The direct use of the Webworkers interface is still too cumbersome, fortunately someone has already encapsulated it: parallel.js.

Note Parallel.js can be installed via node:

$ NPM Install Paralleljs

But this is the node's cluster module used under node. js. If you want to use it in a browser, you need to apply JS directly:

<script src= "Parallel.js" ></script>

You can then get a global variable, Parallel. Parallel provides a map and reduce two functional programming interfaces, which can be very convenient for concurrent operation.

We first define our problem, because the business is more complex, I here to simplify the problem to 1-1,0000,0000, and then subtract 1-1,0000,0000 in turn, the answer is obvious: 0! This is because the number is too large to have the data accuracy problem, the results of the two methods will have some differences, it will make people feel that the parallel method is unreliable. This issue in my Mac Pro chrome61 directly running JS Run is probably 1.5s (our actual business problem requires 15s, here to avoid user testing when the browser to kill, we simplify the problem).

Const N = total number of 100000000;//100 million//update since 2017-10-24 16:47:00//code has no meaning, purely to simulate a time-consuming calculation, directly with//for (Let i = start; I <= end; I + = 1) Total + = i;//There are a few problems, one is that the code is too simple without any slightly more complicated operation, the subsequent use of C code optimization is very exaggerated, can not be compared. The second is the data overflow problem, I am too lazy to deal with this problem, the following code is simply added first, and then lost, the answer is obviously 0, easy to test.  function sum (start, end) {Let total = 0;    for (Let i = start; I <= end; i + = 1) {if (i% 2 = = 0 | | I% 3 = = 1) {Total + = i;    } else if (i% 5 = = 0 | | I% 7 = = 1) {total + = I/2;    }} for (Let i = start; I <= end; i + = 1) {if (i% 2 = = 0 | | I% 3 = = 1) {total = i;    } else if (i% 5 = = 0 | | I% 7 = = 1) {total = I/2; }} return total;} function Parasum (N) {Const N1 = n/10;//We are divided into 10 points, not divided into a web worker,parallel.js based on the number of CPU cores of the computer to establish an appropriate amount of workers let P = new Para  Llel ([1, 2, 3, 4, 5, 6, 7, 8, 9, ten]). require (sum);      return P.map (n + = SUM ((n-1) * 10000000 + 1, n * 10000000))//In parallel.js it is not able to apply external variables directly N1. Reduce (data =      Const ACC = data[0];      Const E = data[1]; return ACC + E; });} Export {N, sum, parasum}

The code is simple, I'm talking about a few of the pits I encountered when I first used them.

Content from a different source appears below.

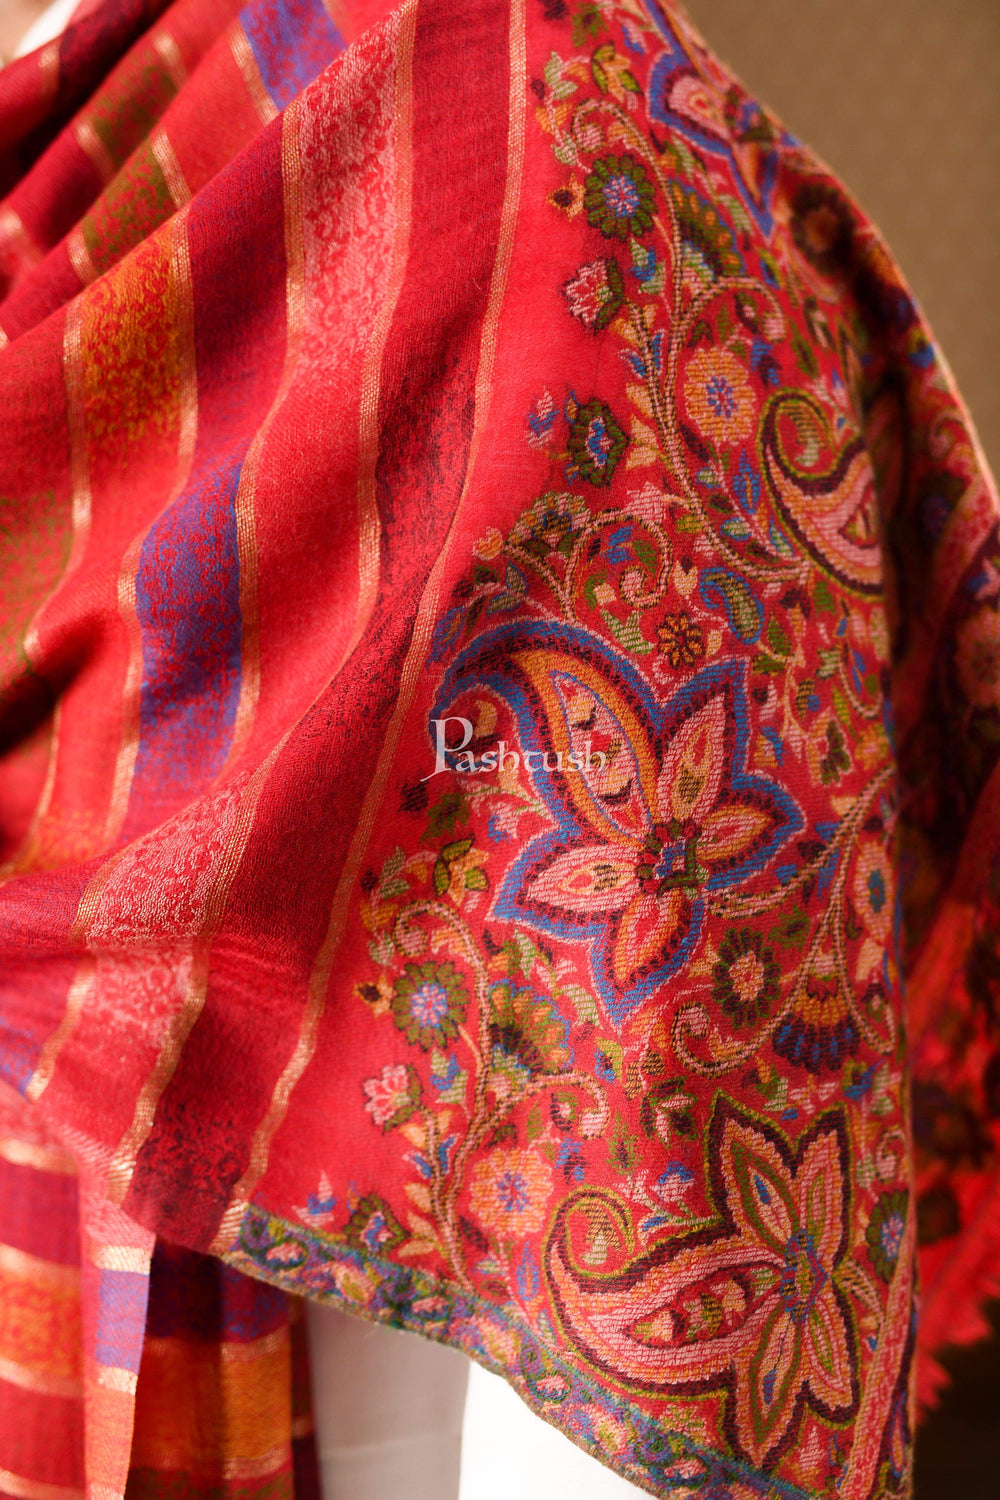 Pashtush India 70x200 Pashtush Mens Pure Wool Striped Kaani Stole

Require all the required functions

For example, in the appeal code with sum, you need to advance require (sum), if the sum of the use of another function f, you also need to require (f), also if f in the use of G, you also need require (g), Until you require all the defined functions that are used ....

Can't require variables

We have an appeal code that I've defined N1, but I can't use it.

ES6 compiled into ES5 after the problem and Chrome did not error

At the beginning of the actual project we used the ES6 feature: array deconstruction. Originally this is very simple feature, now most of the browser has been supported, but I then configured Babel will be compiled into ES5, so will generate code _slicedtoarray, you can babel test online, and then Chrome is never work, Also did not have any error message, looked for a long time, later in Firefox opened, there are error messages:

Referenceerror: _slicedtoarray is not defined

It seems that Chrome is not omnipotent ...

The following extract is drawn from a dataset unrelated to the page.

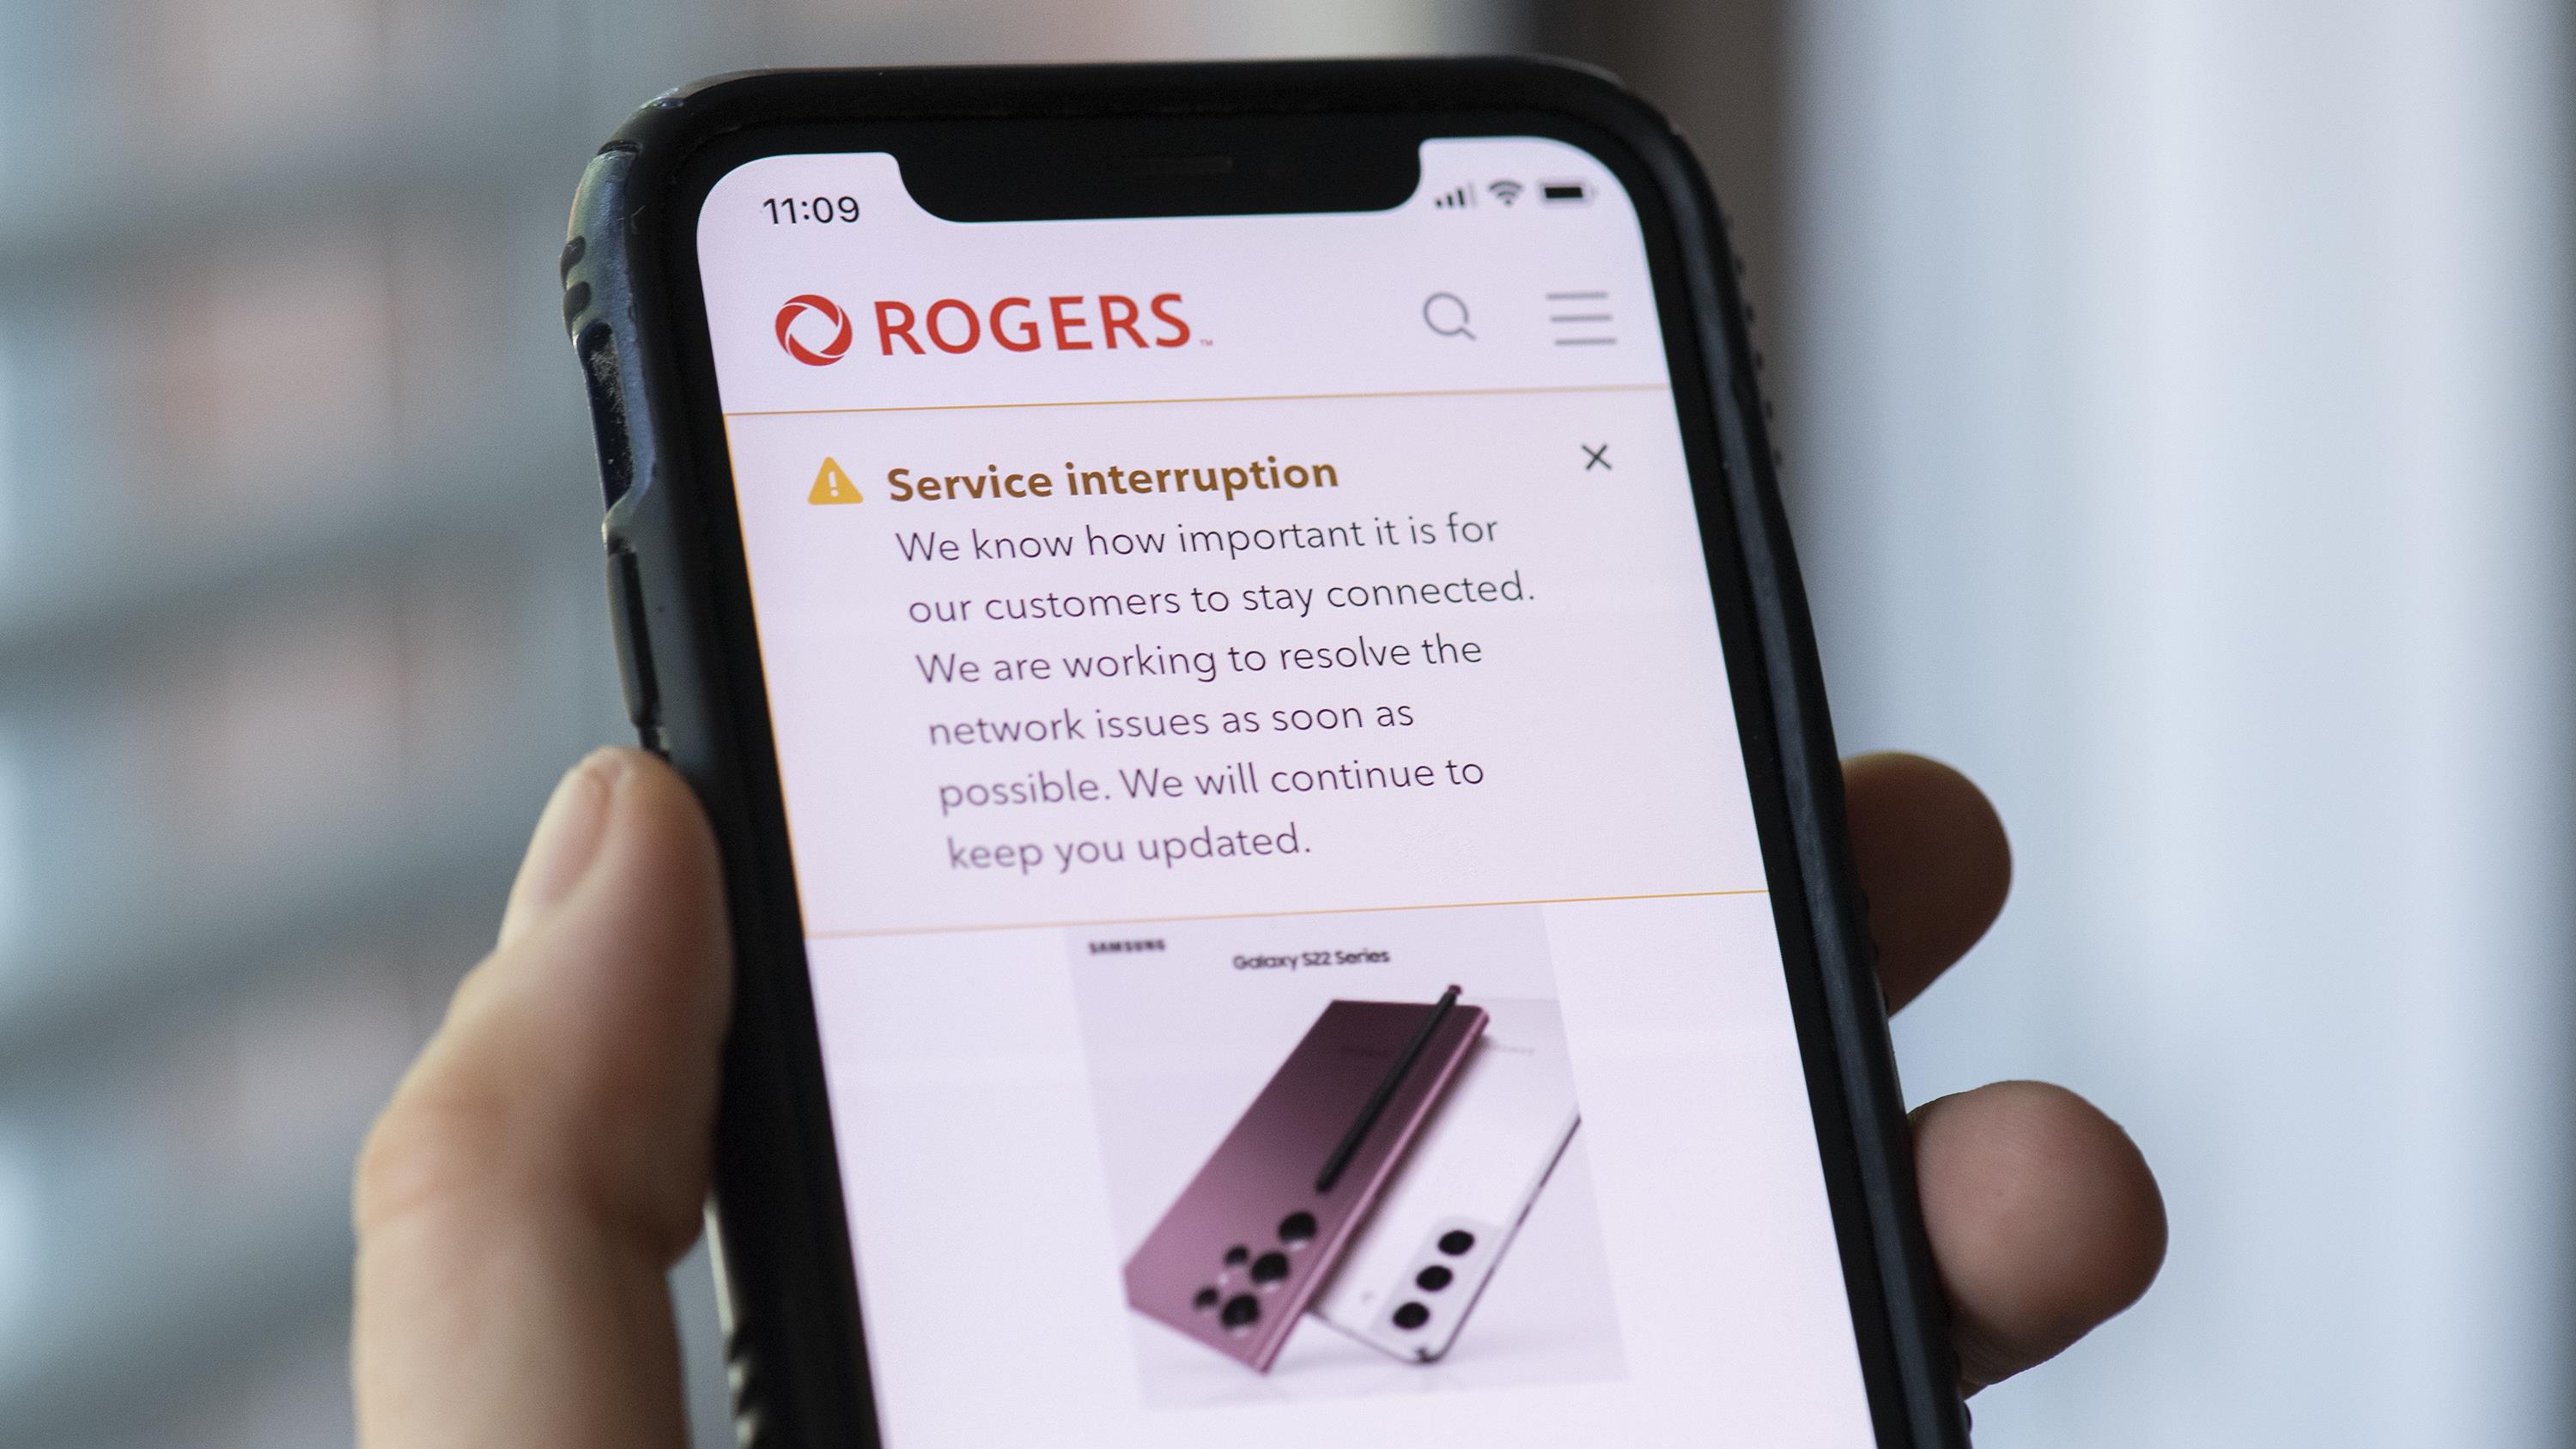 De nombreux services inaccessibles à cause d’une panne chez Rogers
De nombreux services inaccessibles à cause d’une panne chez Rogers

You can test on this demo page, the speed is about 4 times times, of course, you have to look at the computer CPU's nuclear number. In addition I later on the same computer Firefox55.0.3 (64-bit) test, appeal code incredibly just 190ms!!! Under the Safari9.1.1 is also around 190ms ...

Refers

    • Https://developer.mozilla.org/zh-CN/docs/Web/API/WebWorkersAPI/Usingwebworkers

    • https://www.html5rocks.com/en/tutorials/workers/basics/

    • https://parallel.js.org/

    • https://johnresig.com/blog/web-workers/

    • Http://javascript.ruanyifeng.com/htmlapi/webworker.html

    • Http://blog.teamtreehouse.com/using-web-workers-to-speed-up-your-javascript-applications

Front-end high-performance Computing II: Asm.js & webassembly

We talked about two ways to solve high-performance computing, one is concurrent with webworkers, and the other is using a lower-level static language.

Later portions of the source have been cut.